Ça. L'unique synonyme des mots qu'on craint trop pour prononcer. Dans ma bouche, il ne cachait pourtant pas grand-chose de ce qu'on allait avoir à affronter. Pas assez en tout cas, parce qu'il fit monter les larmes aux yeux de Jake et Marly, et que le silence alourdi de la cuisine ne finissait plus d'en murmurer l'écho. Enterrement, souffla-t-il à mon oreille. Je ne pus supporter son aveu et quittai la pièce.
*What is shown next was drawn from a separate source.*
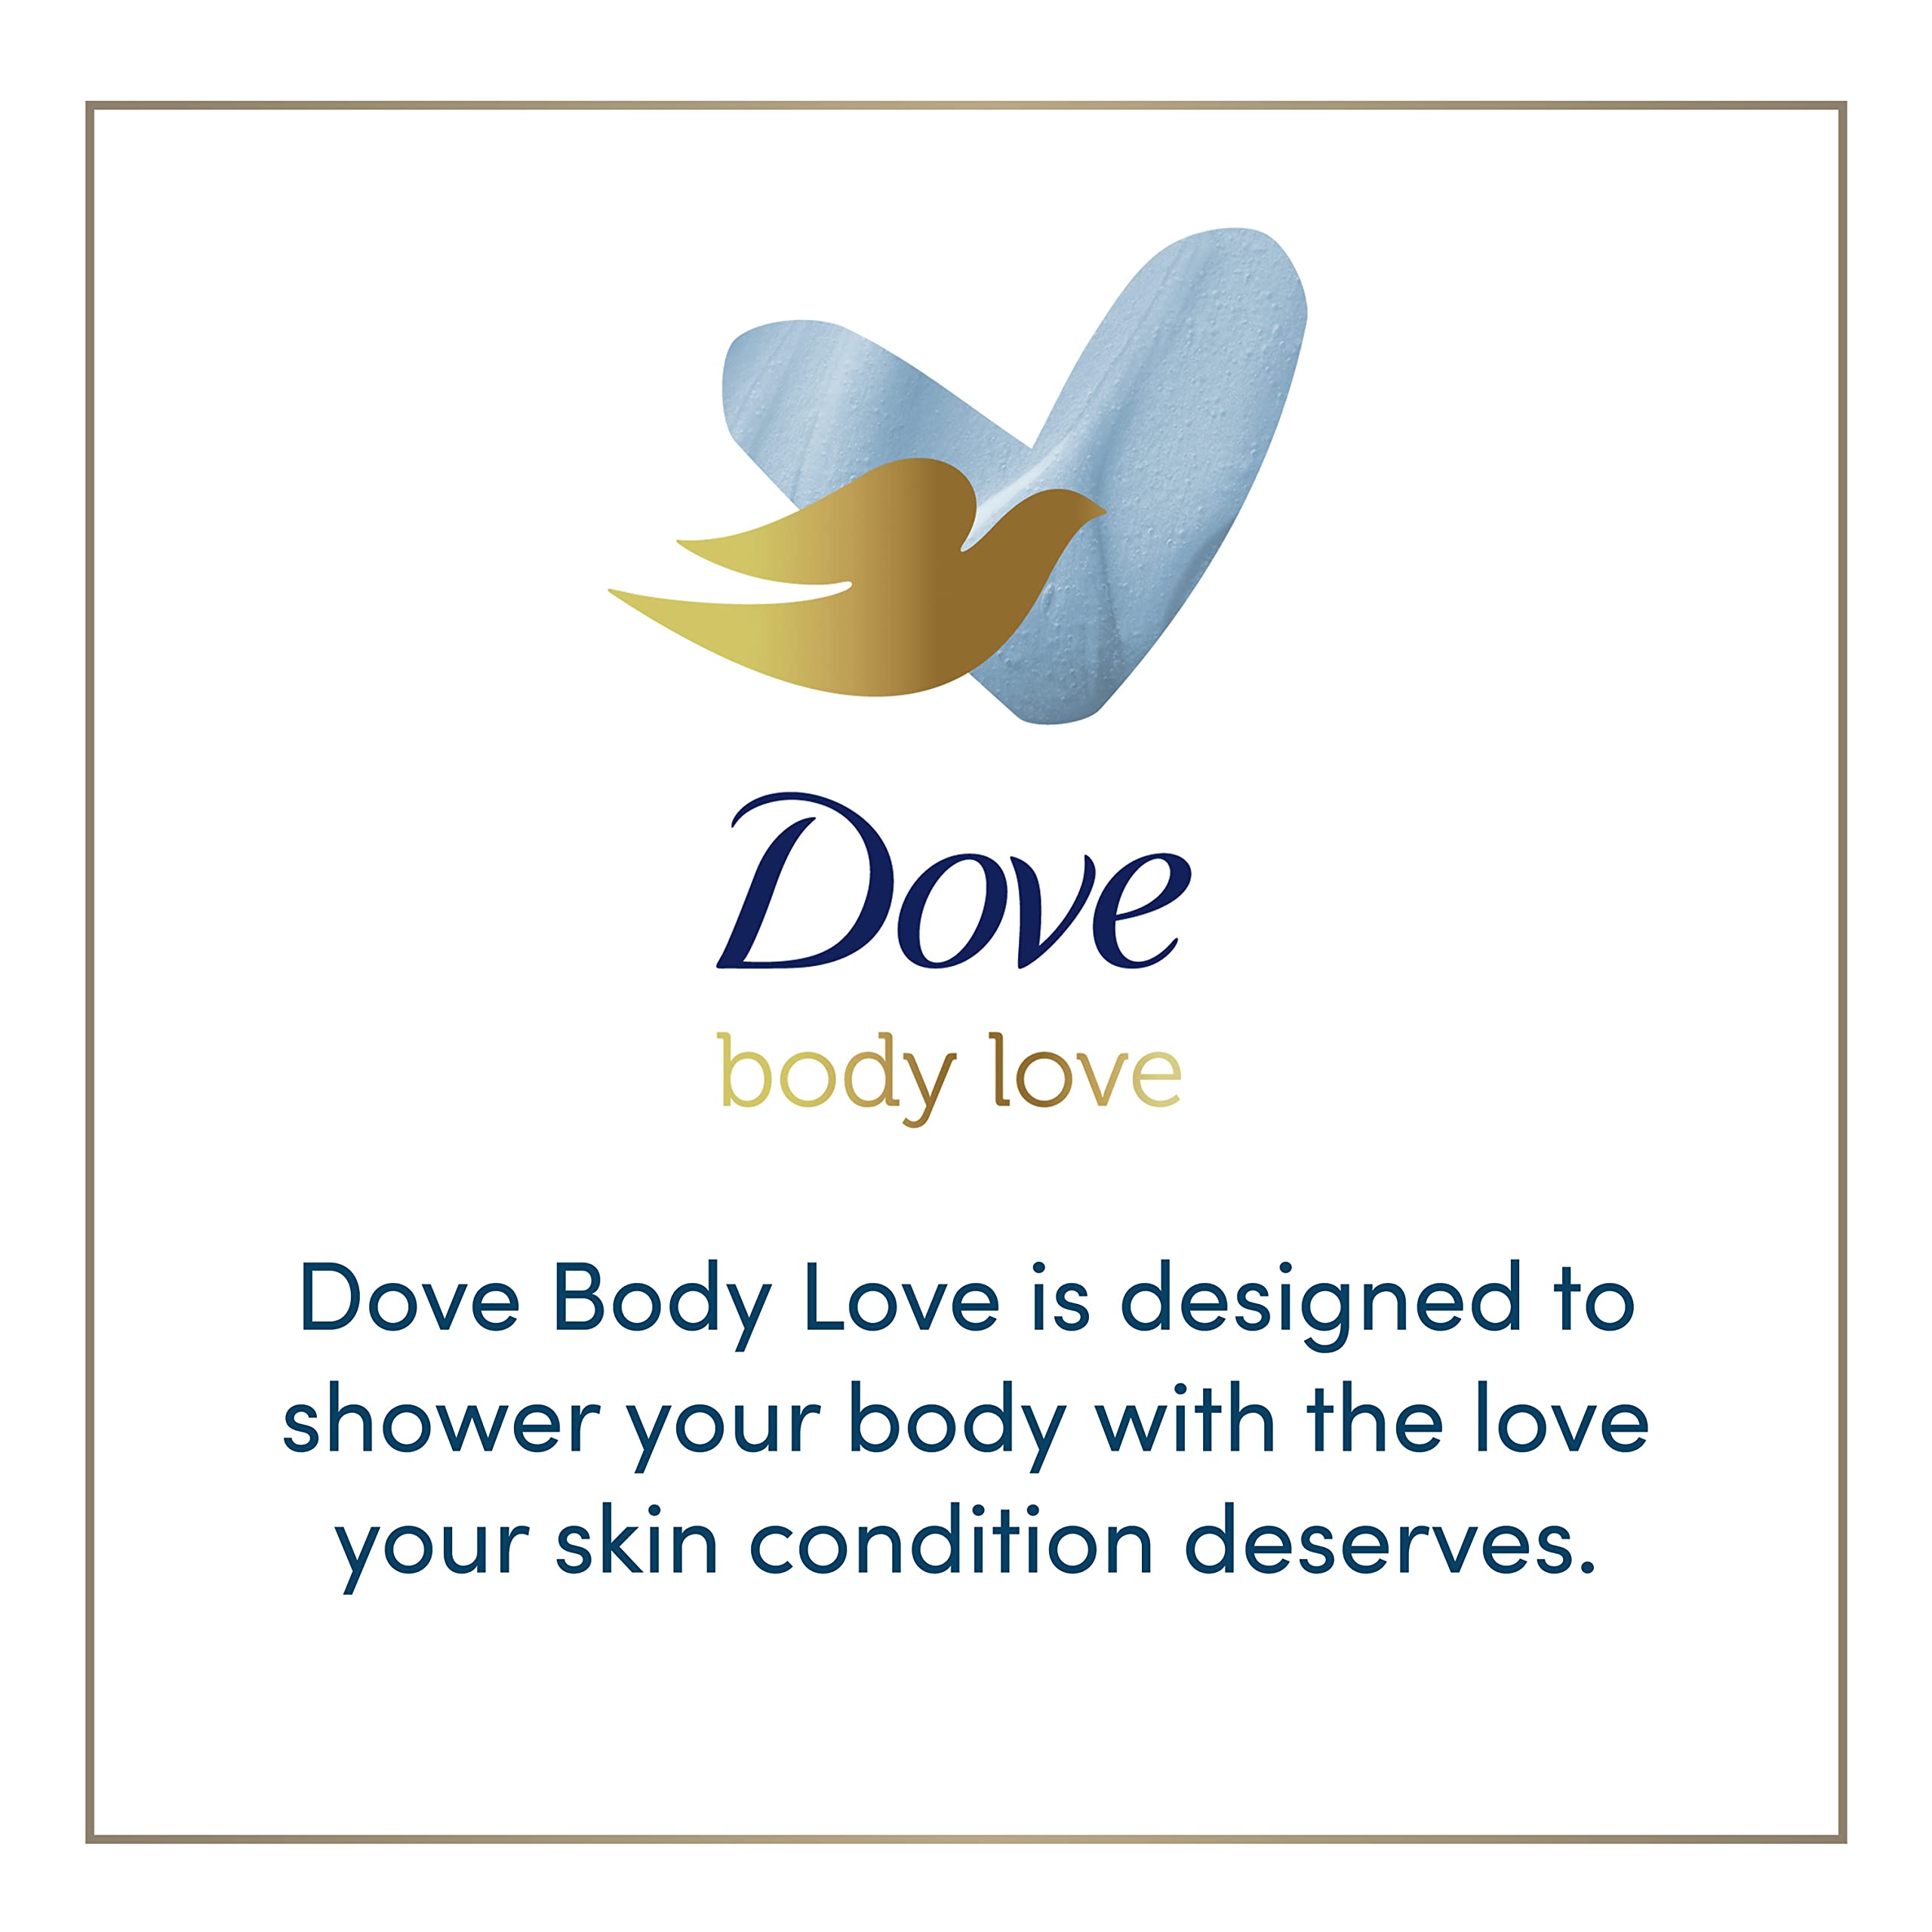 Dove Body Love Body Cleanser Body Wash 3 Count Dry-Cracked Skin Replenish Hypoallergenic for 24 Hour Nourishment & Instant Dryness Relief with Pro Ceramides 17.5 FO

Le matin suivant, nous partîmes pour la Scierie par le fameux Portoloin de dix heures treize. Si elle n'avait pas changé depuis notre bref passage pour la cérémonie en l'honneur de mon grand-père, trois ans plus tôt, j'eus l'impression de mettre les pieds en terrain inconnu. La Scierie que j'avais aimée n'était plus là. Je ne m'identifiais ni à ses fenêtres obscurcies par la neige ni au feu qui brûlait dans son âtre. Peut-être parce que, pour la première fois, c'était moi qui avais tiré les rideaux pour tenter d'éclairer le séjour et Jake qui avait enflammé les quelques bûches dénichées par Arthur. Quoique. Le vrai problème n'était pas qu'on ait fait toutes ces choses, mais plutôt que personne ne nous ait dit de le faire. Ça laissait un creux.

Ça.

***

— Alicia ? Tu dors ?

— Non, Marly.

— Je peux venir dans ton lit ?

— Oui.

Un froissement de draps, quelques pas menus sur un parquet déjà trop foulé et un corps se lova contre moi.

— Tu sais déjà quel souvenir tu vas prendre pour la Donation ?

— Non.

Un sanglot s'échappa de la gorge incontestablement serrée de ma sœur.

— Moi non plus... J'arrive même plus à voir les beaux moments qu'il y a eu avant ça...

Ça.

Je me redressai à la vitesse de l'éclair.

— Je te demande pardon ? Il y en a eu des milliards ! N'importe quel jour depuis ta naissance !

Je n'eus même pas la bienséance de fermer la porte de la chambre avec douceur quand j'en partis et elle claqua violemment dans le silence de la nuit. Mais quelle importance, au fond ? Personne ne dormait.

***

Le lendemain, lorsque nous entrâmes dans la salle communale prêtée pour la cérémonie de la Donation, Marly avait trouvé son souvenir et proposa même de commencer. Je me vois encore la regarder faire, portant sa baguette à sa tempe et en tirant un filament argenté à qui elle fit décrire un cercle et adopter une forme de bulle dans laquelle on pouvait la voir, enfant, jouer à « à dada sur mon bidet » sur ses genoux.